—Quelquefois que je serais sa mère, à monsieur, et que j'aurais un fils de trente ans dans cet état-là, c'est moi qui m'en mêlerais de ses affaires!... Tenez, voilà le déjeuner ...

Joseph emporta le plateau, s'avançant sur la pointe des pieds, le plus légèrement qu'il pouvait, bien que son maître fût éveillé.

Mais il marchait ainsi par habitude, comme chaque matin, depuis deux ans que durait la liaison de Gilbert Mareuil avec Mme Hardouin et que le jeune homme avait donné des ordres formels pour que, pendant la matinée, on ne fît aucun bruit, on allât doucement, on ne pénétrât jamais chez lui avant qu'il n'eût sonné.

Il avait, ce jour-là, les yeux grands ouverts quand Joseph entra dans sa chambre, et, malgré l'ébouriffement de ses cheveux épais, ramenés en houppe par l'agitation du sommeil, et le désordre de sa moustache châtain-clair, qu'il portait de coutume bien frisée et un peu relevée des bouts,—on voyait qu'il y avait quelque temps déjà qu'il ne dormait plus.

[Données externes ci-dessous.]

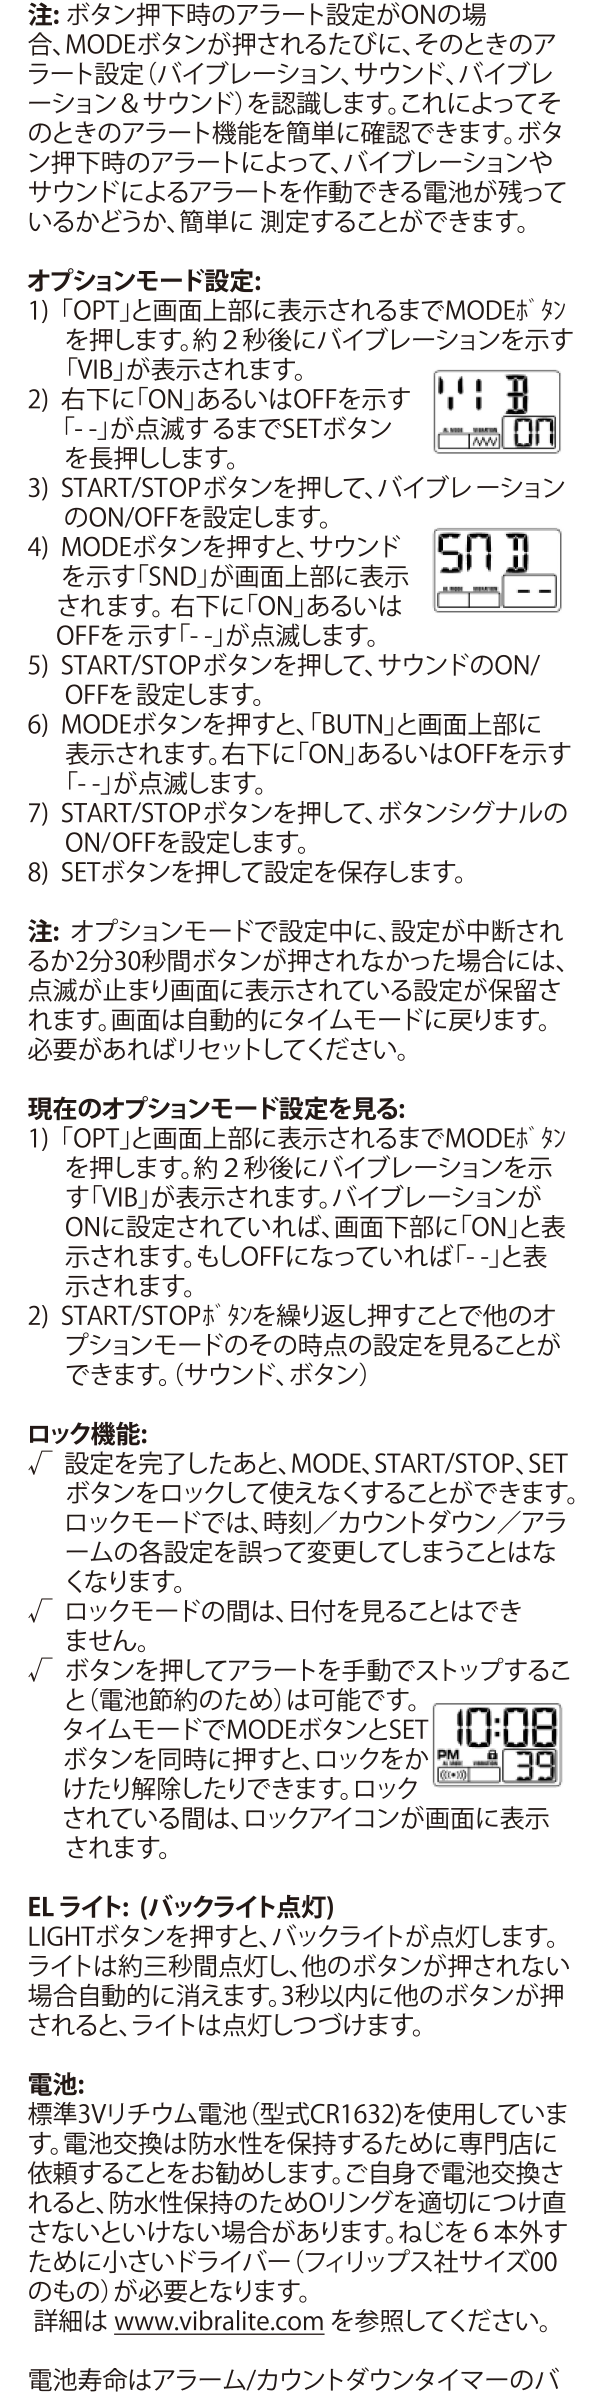 vibralite-mini-japanese-instruction-manual-page-4

Il demanda d'une voix lasse qu'il essayait de rendre calme, presque indifférente:

—Le courrier est arrivé?

—Oui, Monsieur ... Pas de lettres pour Monsieur ...

Le domestique ramassa les vêtements et sortit.

Mareuil s'était retourné, la figure enfoncée dans l'oreiller, gisant, inerte, pareil à un cadavre tombé face à terre, retenant les saccades de sa respiration, évitant les moindres mouvements, la main seulement collée contre la barrière des côtes où son cœur heurtait, gonflé, tout détraqué.